Starting at the line below with "Tamiya - TB-04" and stopping at the line with "Männer-T-Shirts - Handbuch - Weißes Logo", please print each line exactly, those two included, and skip every picture.

> **Supplied records**:
[Start of section]
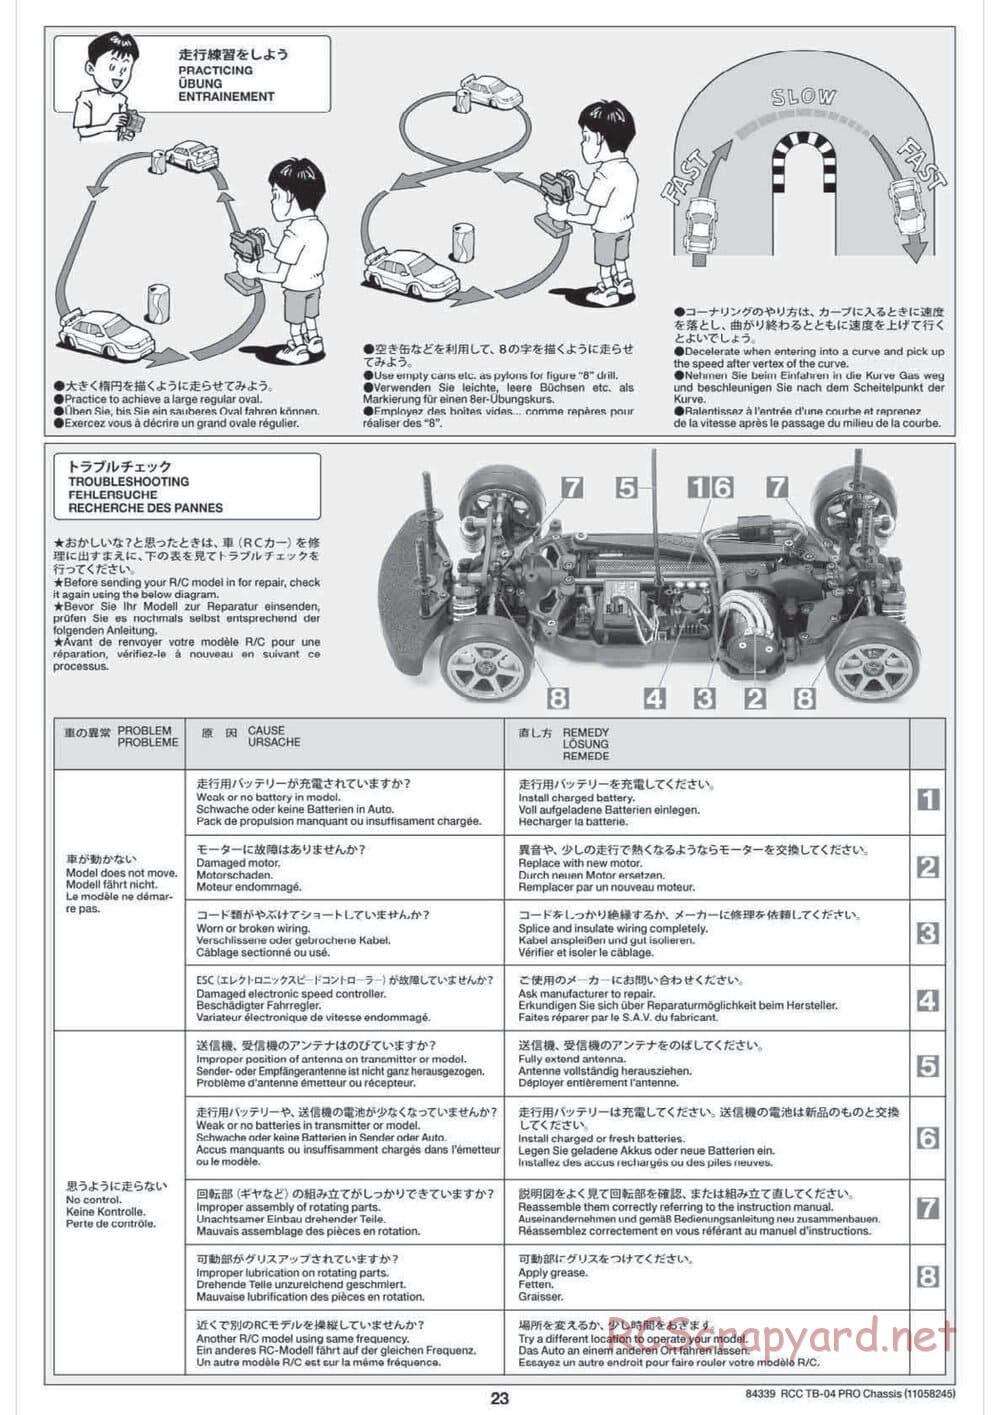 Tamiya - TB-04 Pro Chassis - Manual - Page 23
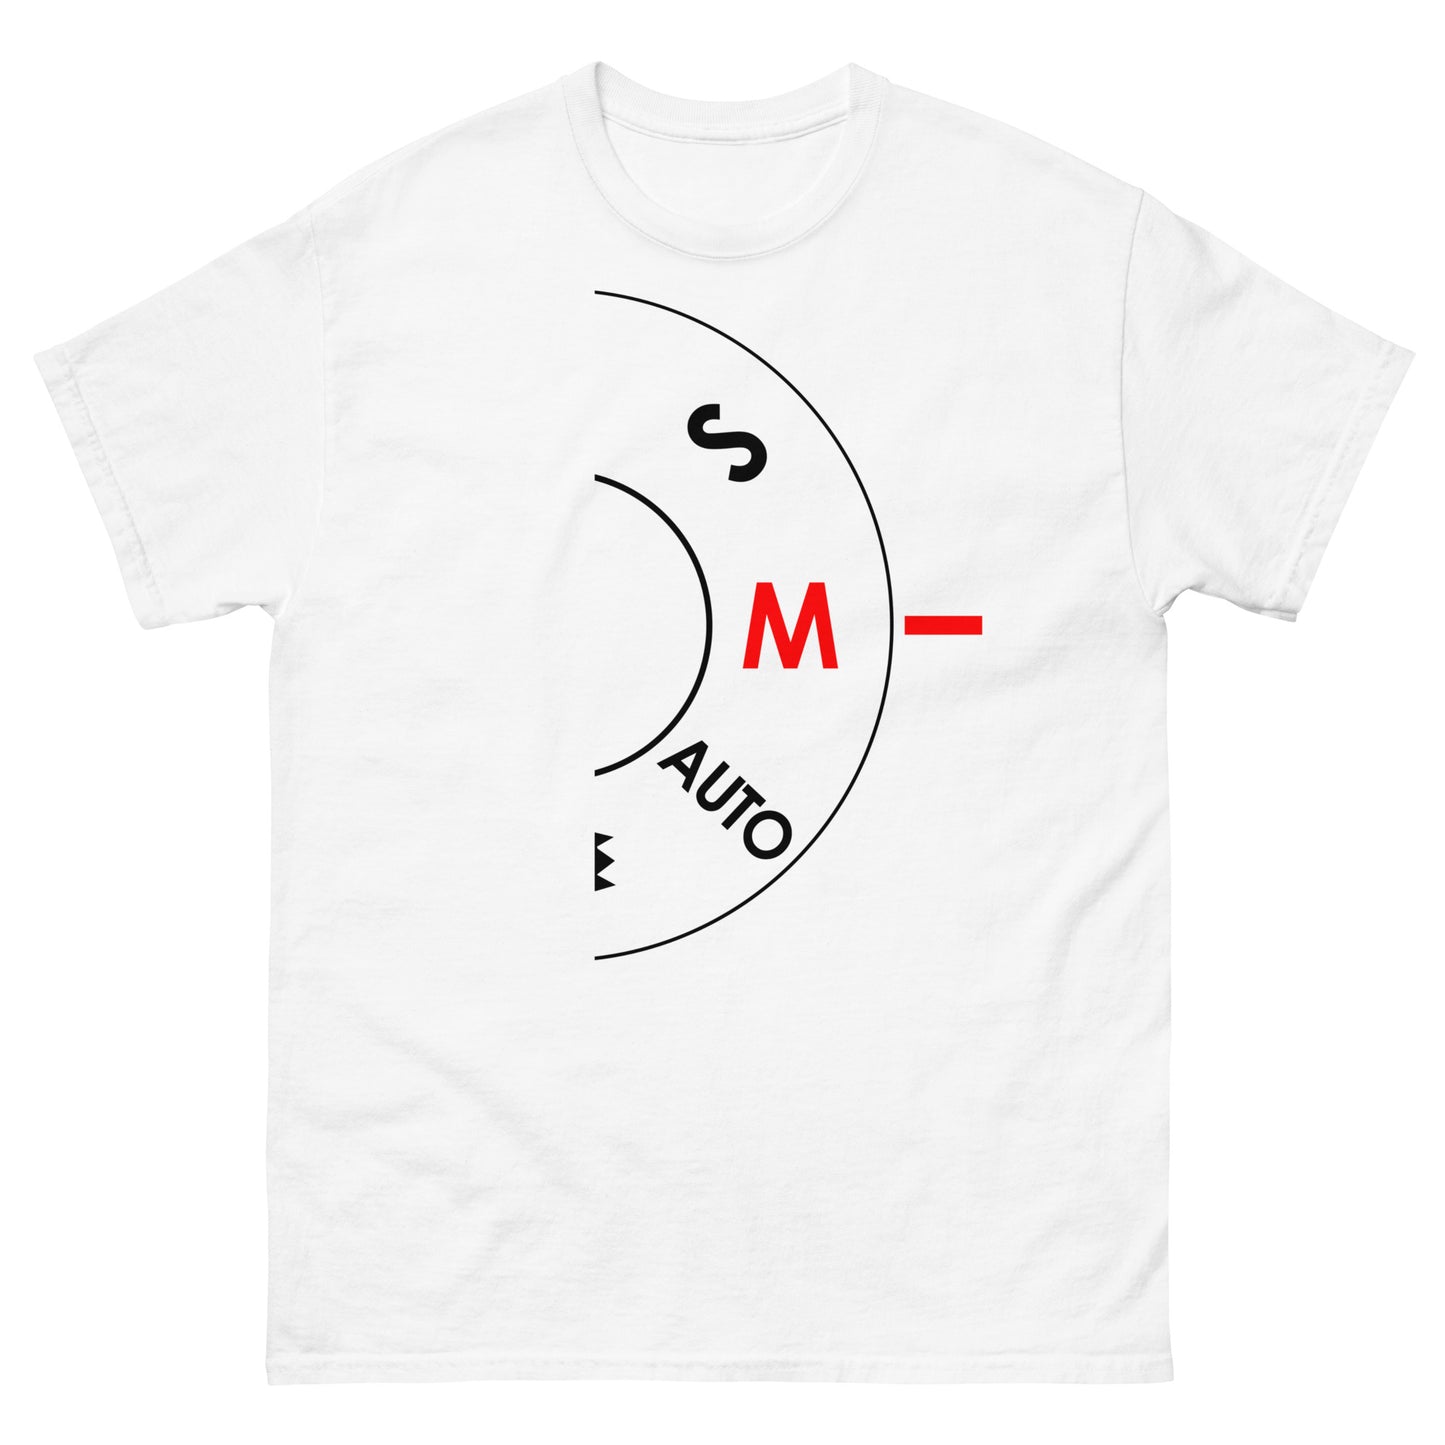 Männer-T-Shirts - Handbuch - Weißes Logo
[End of section]
[Start of section]
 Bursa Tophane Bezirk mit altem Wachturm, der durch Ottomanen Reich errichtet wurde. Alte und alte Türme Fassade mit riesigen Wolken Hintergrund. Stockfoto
[End of section]
[Start of section]
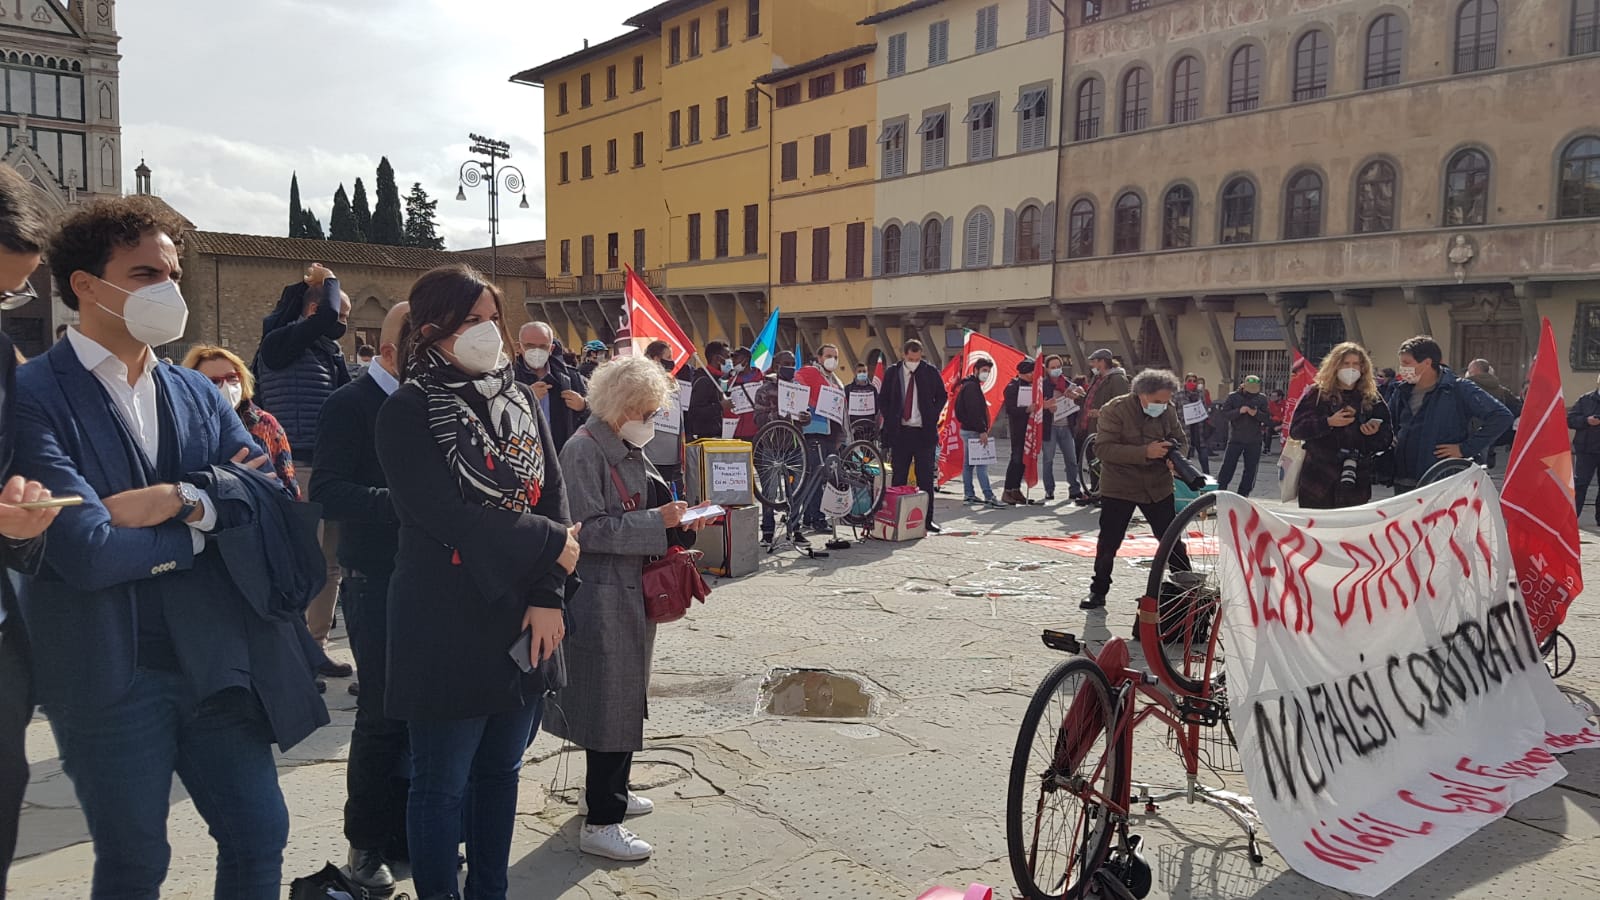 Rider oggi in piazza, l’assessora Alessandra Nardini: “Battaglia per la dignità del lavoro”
[End of section]
> **Exercise response**:
 Tamiya - TB-04 Pro Chassis - Manual - Page 23
 Männer-T-Shirts - Handbuch - Weißes Logo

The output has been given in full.